Lysophosphatidic acid (LPA), a component of mildly-oxidized LDL and the lipid rich core of atherosclerotic plaques, elicits platelet activation. LPA is the ligand of G protein-coupled receptors (GPCR) of the EDG family (LPA1-3) and the newly identified LPA4-7 subcluster. LPA4, LPA5 and LPA7 increase cellular cAMP levels that would induce platelet inhibition rather than activation. In the present study we quantified the mRNA levels of the LPA1-7 GPCR in human platelets and found a rank order LPA4 = LPA5 > LPA7 > LPA6 = LPA2 ≫ LPA1 > LPA3. We examined platelet shape change using a panel of LPA receptor subtype-selective agonists and antagonists and compared them with their pharmacological profiles obtained in heterologous LPA1-5 receptor expression systems. Responses to different natural acyl and alkyl species of LPA, and octyl phosphatidic acid analogs, alpha-substituted phosphonate analogs, N-palmitoyl-tyrosine phosphoric acid, N-palmitoyl-serine phosphoric acid were tested. All of these compounds elicited platelet activation and also inhibited LPA-induced platelet shape change after pre-incubation, suggesting that receptor desensitization is likely responsible for the inhibition of this response.

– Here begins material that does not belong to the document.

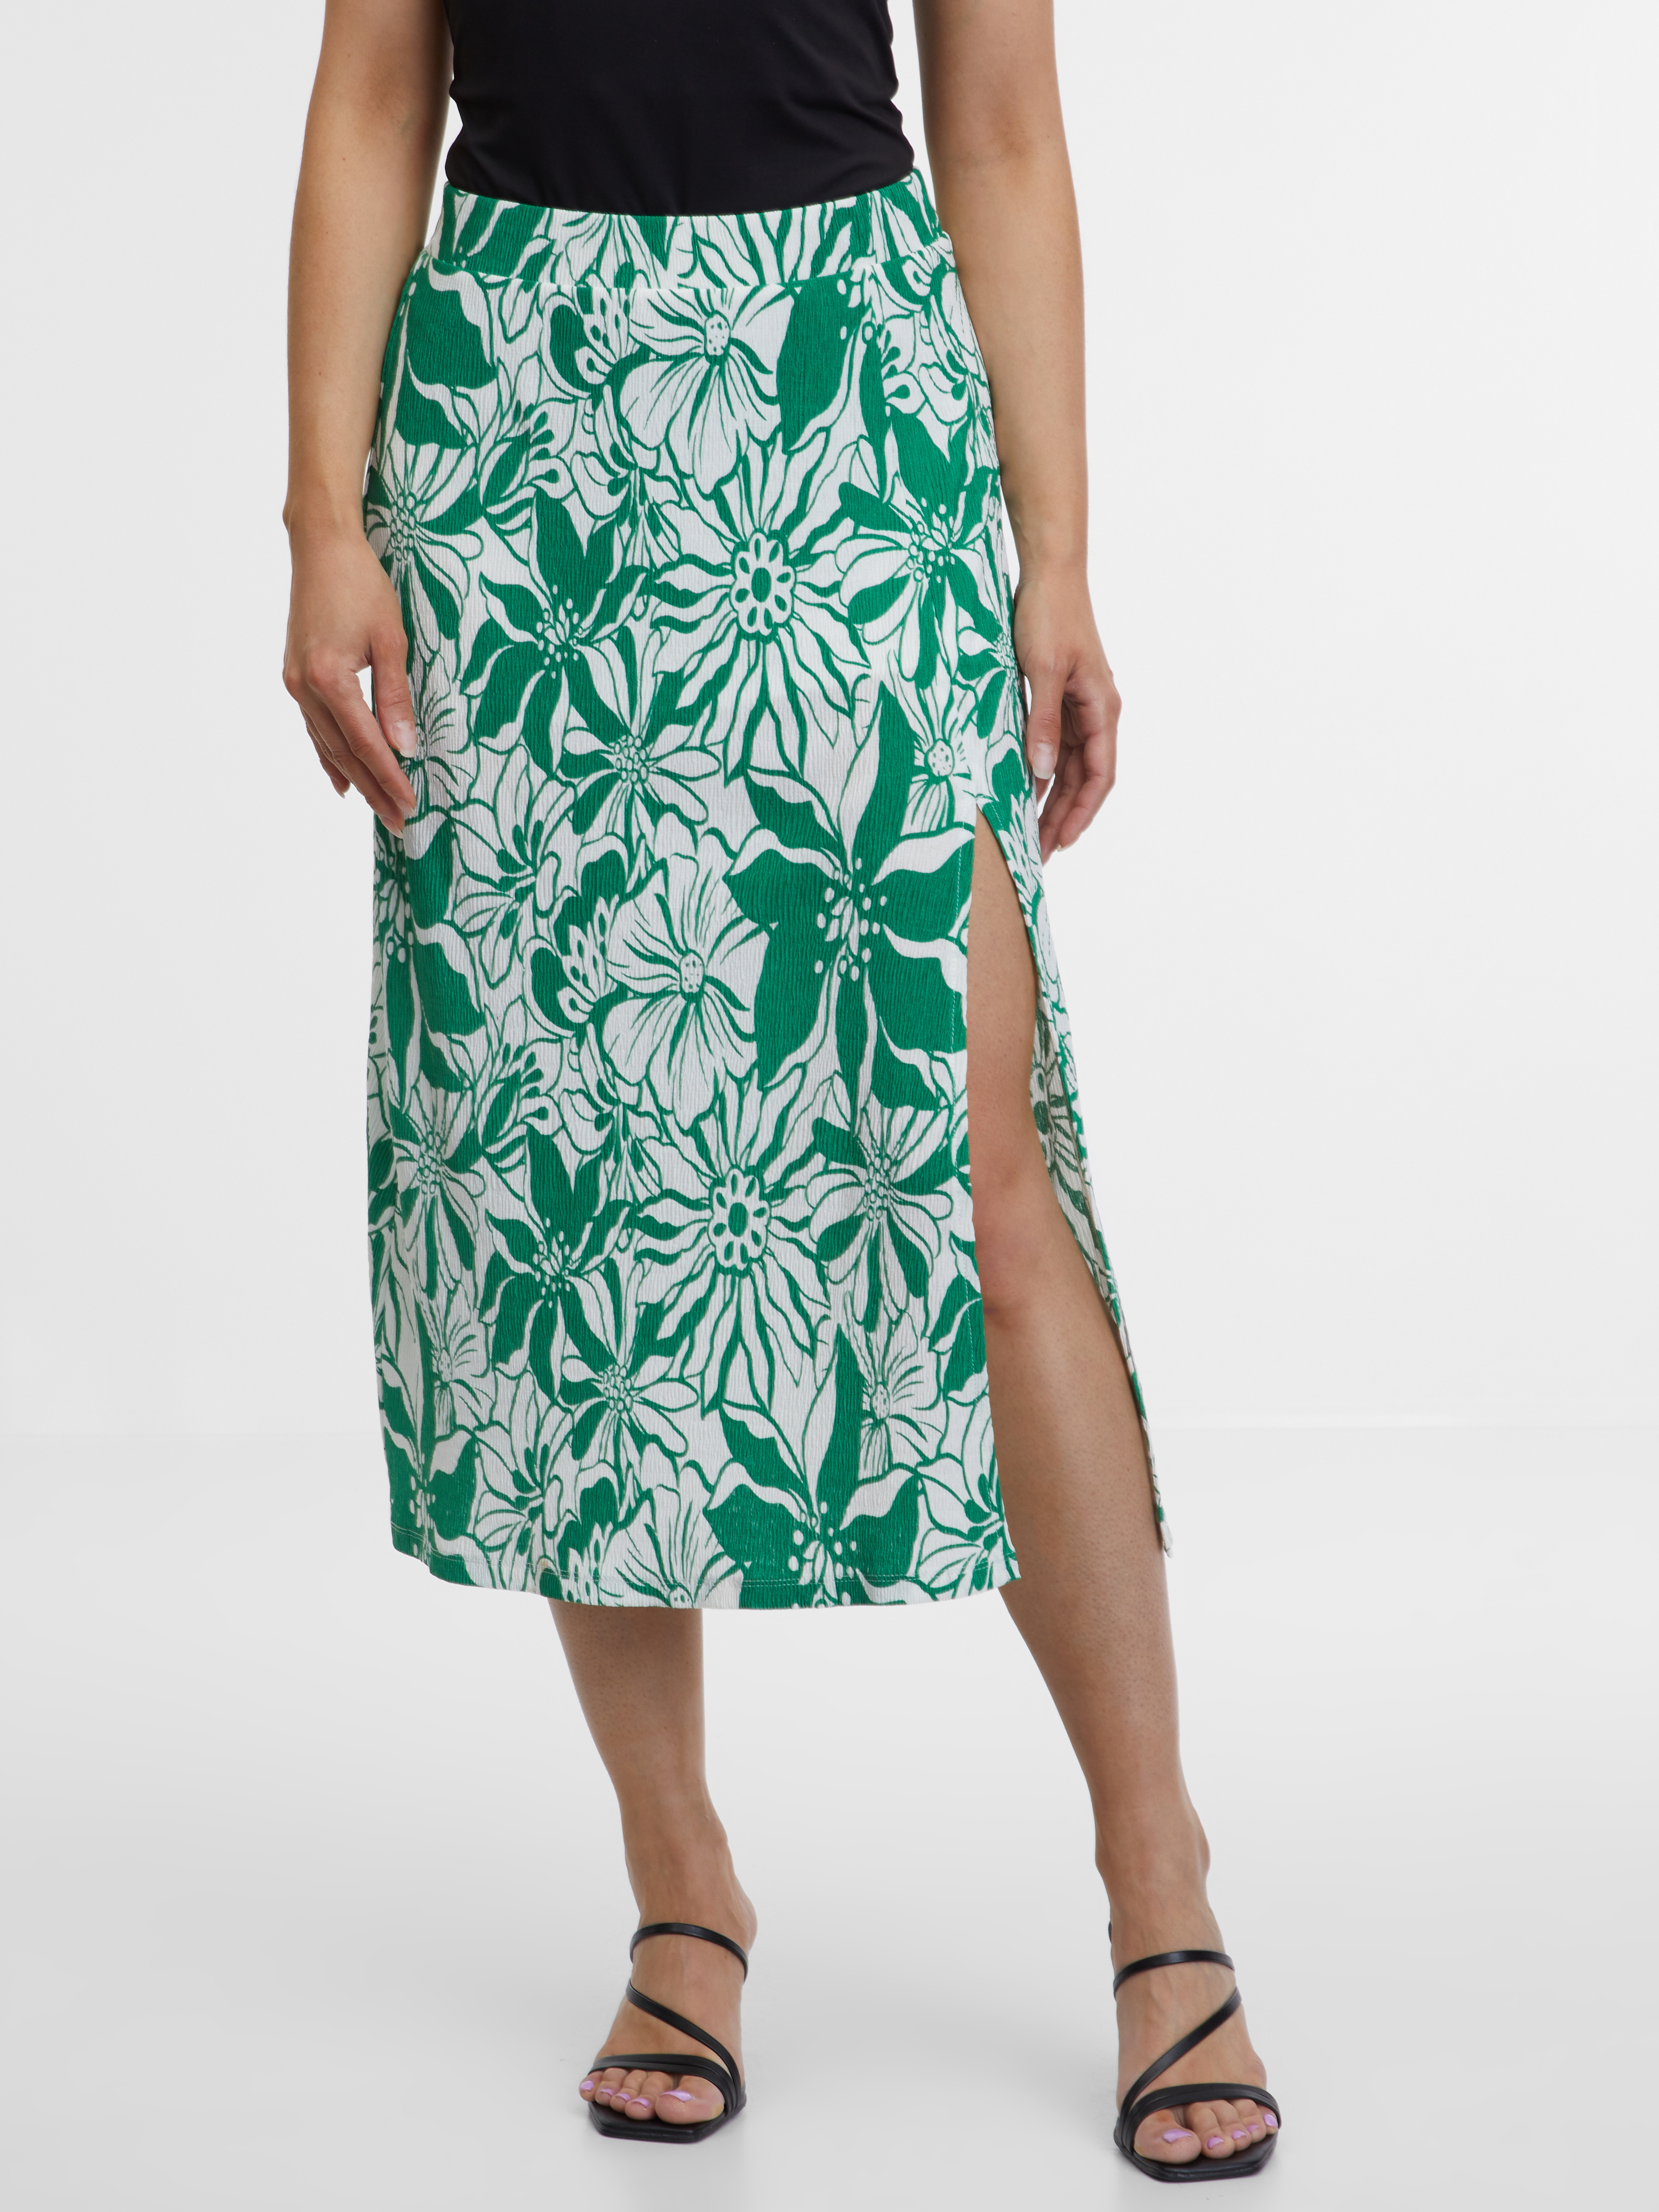 Orsay Green Women's Patterned Skirt - Women's

Fatty acid free albumin (10 μM) lacking platelet activity completely inhibited platelet shape change induced by LPA with an IC50 of 1.1 μM but had no effect on the activation of LPA1,2,3,&5 expressed in endogenously non-LPA-responsive RH7777 cells. However, albumin reduced LPA4 activation and shifted the dose-response curve to the right. LPA5 transiently expressed in RH7777 cells showed preference to alkyl-LPA over acyl-LPA that is similar to that in platelets. LPA did not increase cAMP levels in platelets. In conclusion, our results with the pharmacological compounds and albumin demonstrate that LPA does not induce platelet shape change simply through activation of LPA1-5, and the receptor(s) mediating LPA-induced platelet activation remains elusive.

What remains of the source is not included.